**DATA EXCERPT**
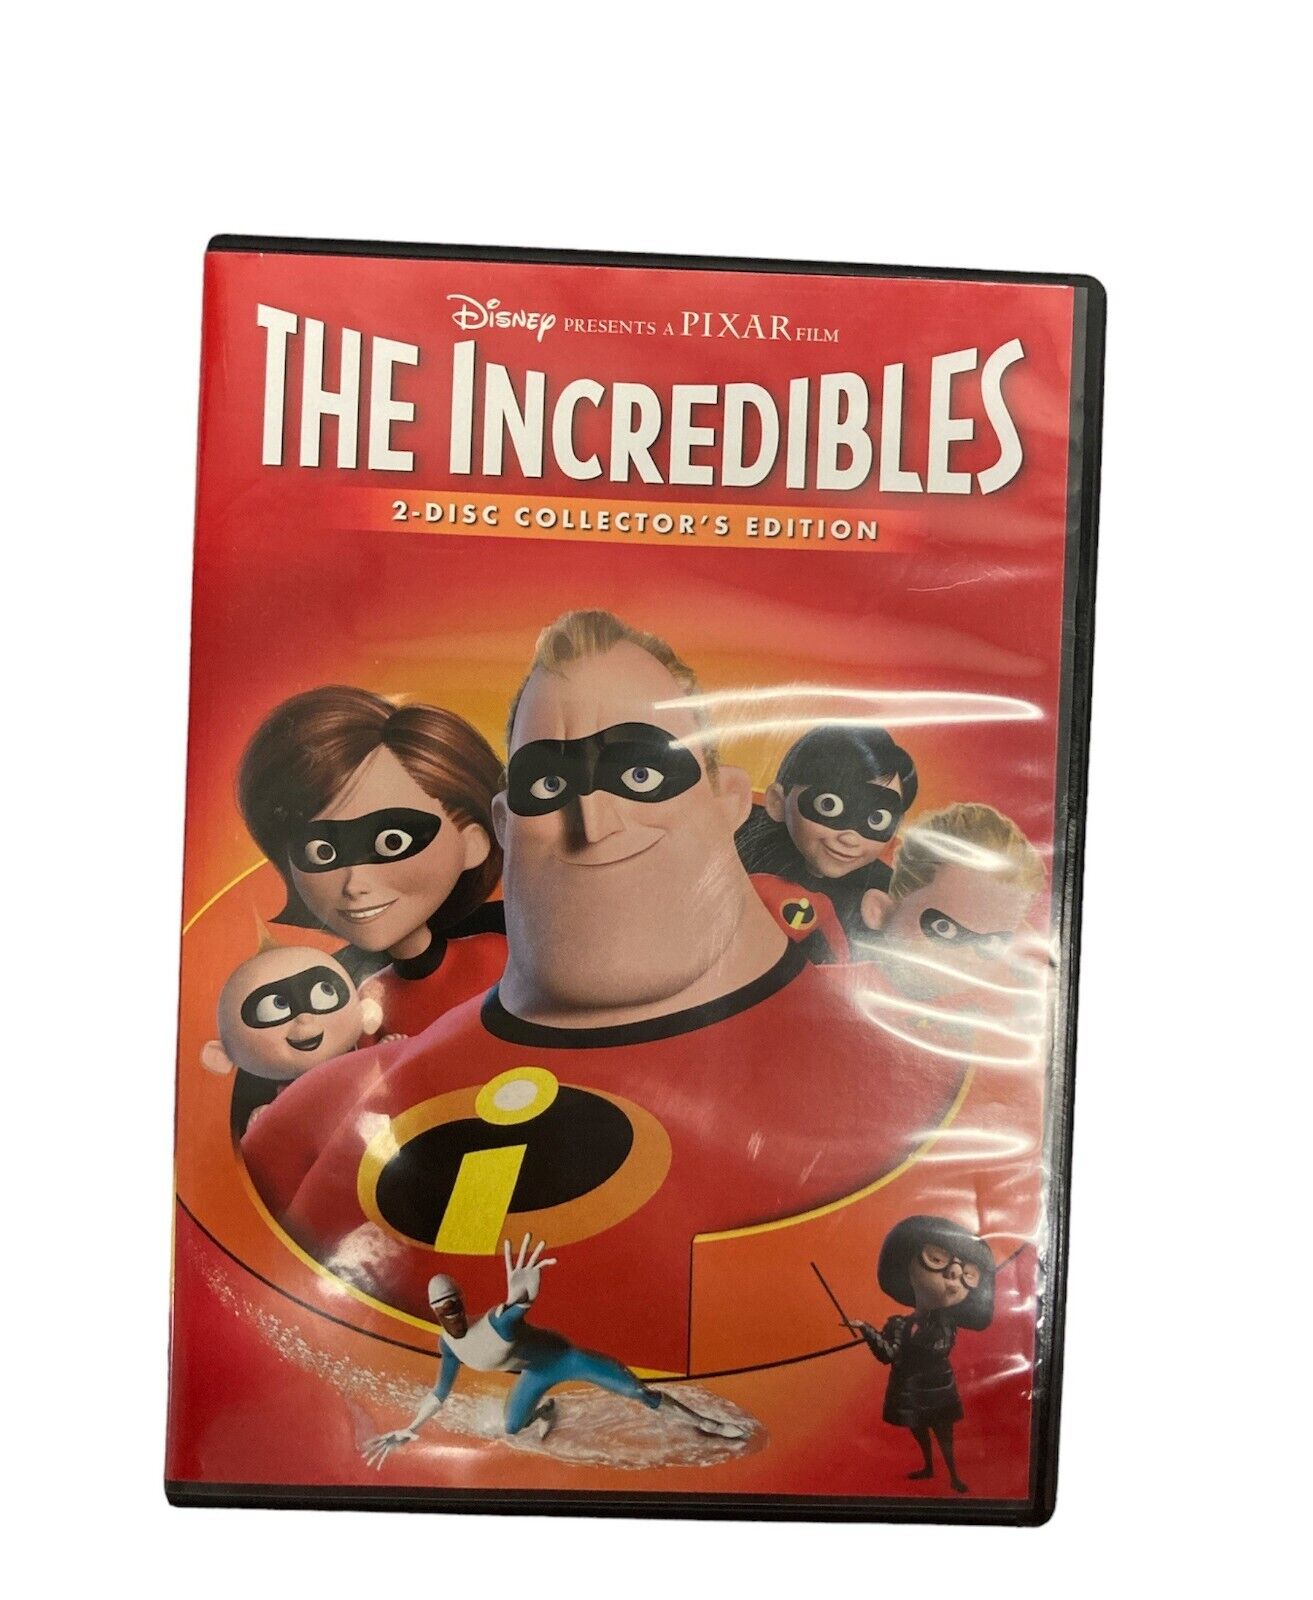 The Incredibles (2-Disc DVD Collector's Edition) PIXAR Disney
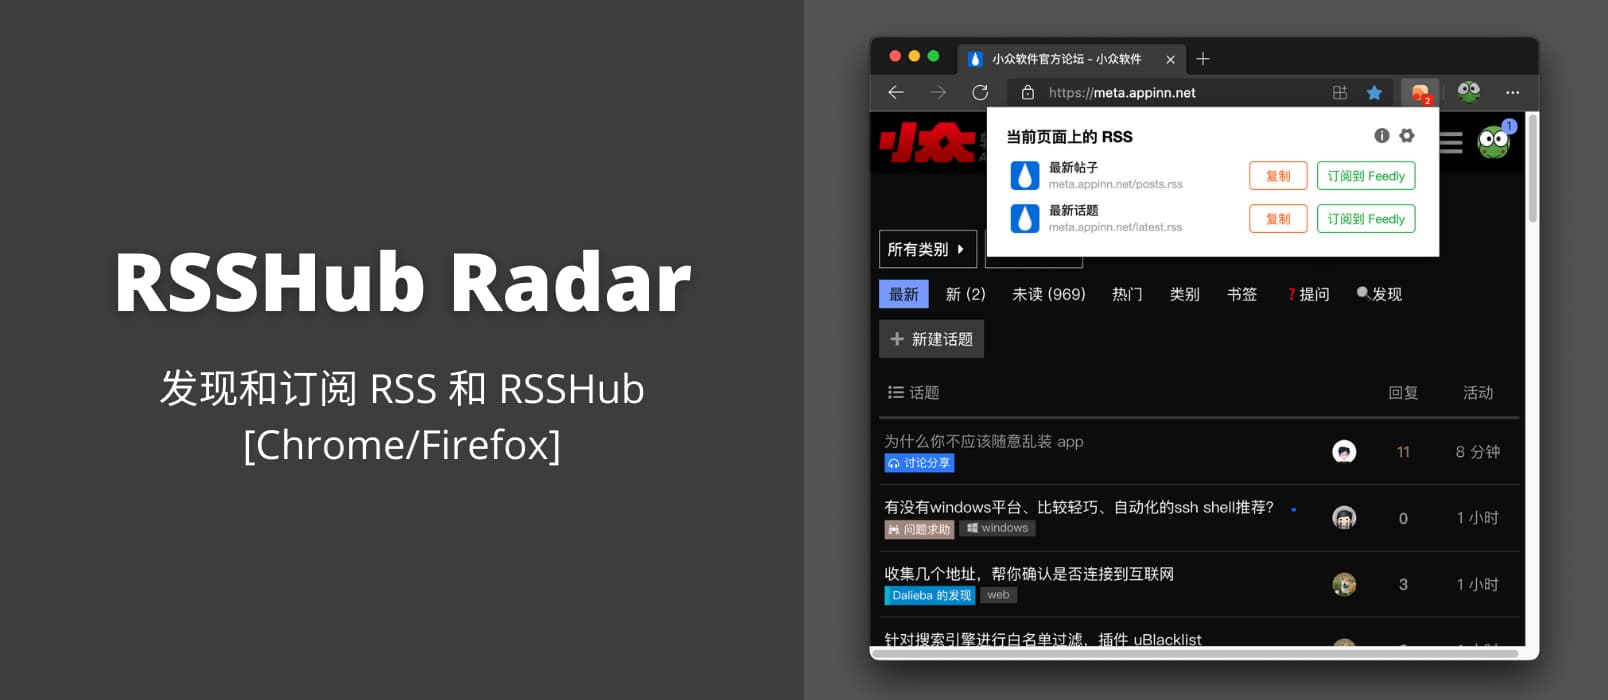 RSSHub Radar - 可能是最好的 RSS 和 RSSHub 辅助扩展[Chrome/Firefox]
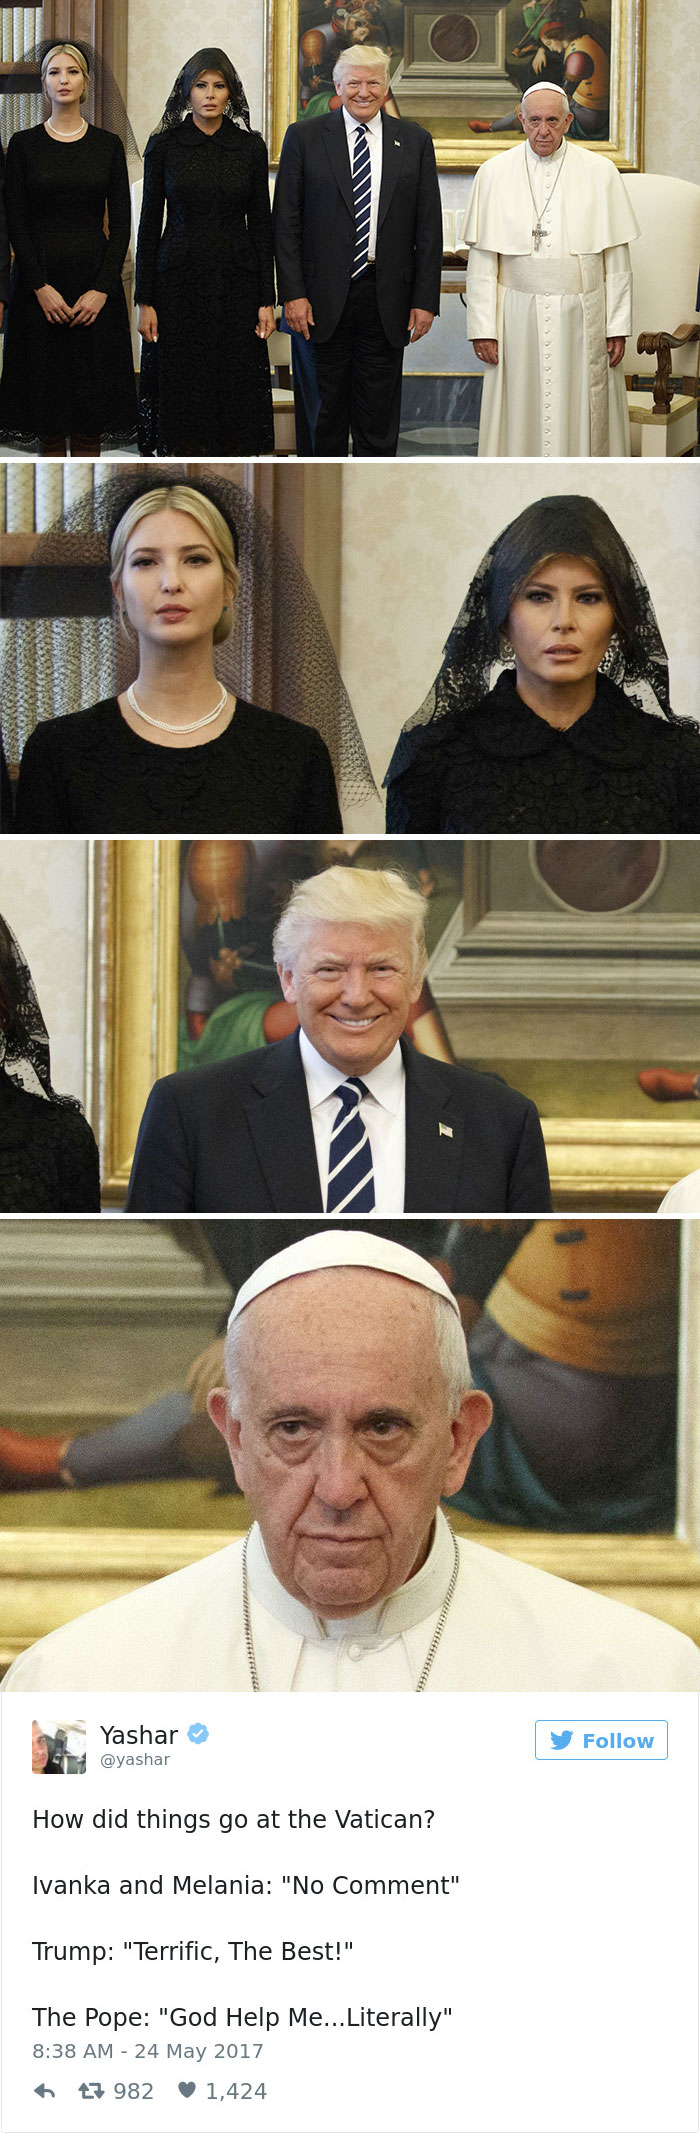 donald-trump-pope-francis-memes-10-5926902ccec00__700

**WHAT NEEDS TO BE DONE**
Leave out the pictures and return the listing exactly.

**ANSWER SECTION**
 The Incredibles (2-Disc DVD Collector's Edition) PIXAR Disney
 RSSHub Radar - 可能是最好的 RSS 和 RSSHub 辅助扩展[Chrome/Firefox]
 donald-trump-pope-francis-memes-10-5926902ccec00__700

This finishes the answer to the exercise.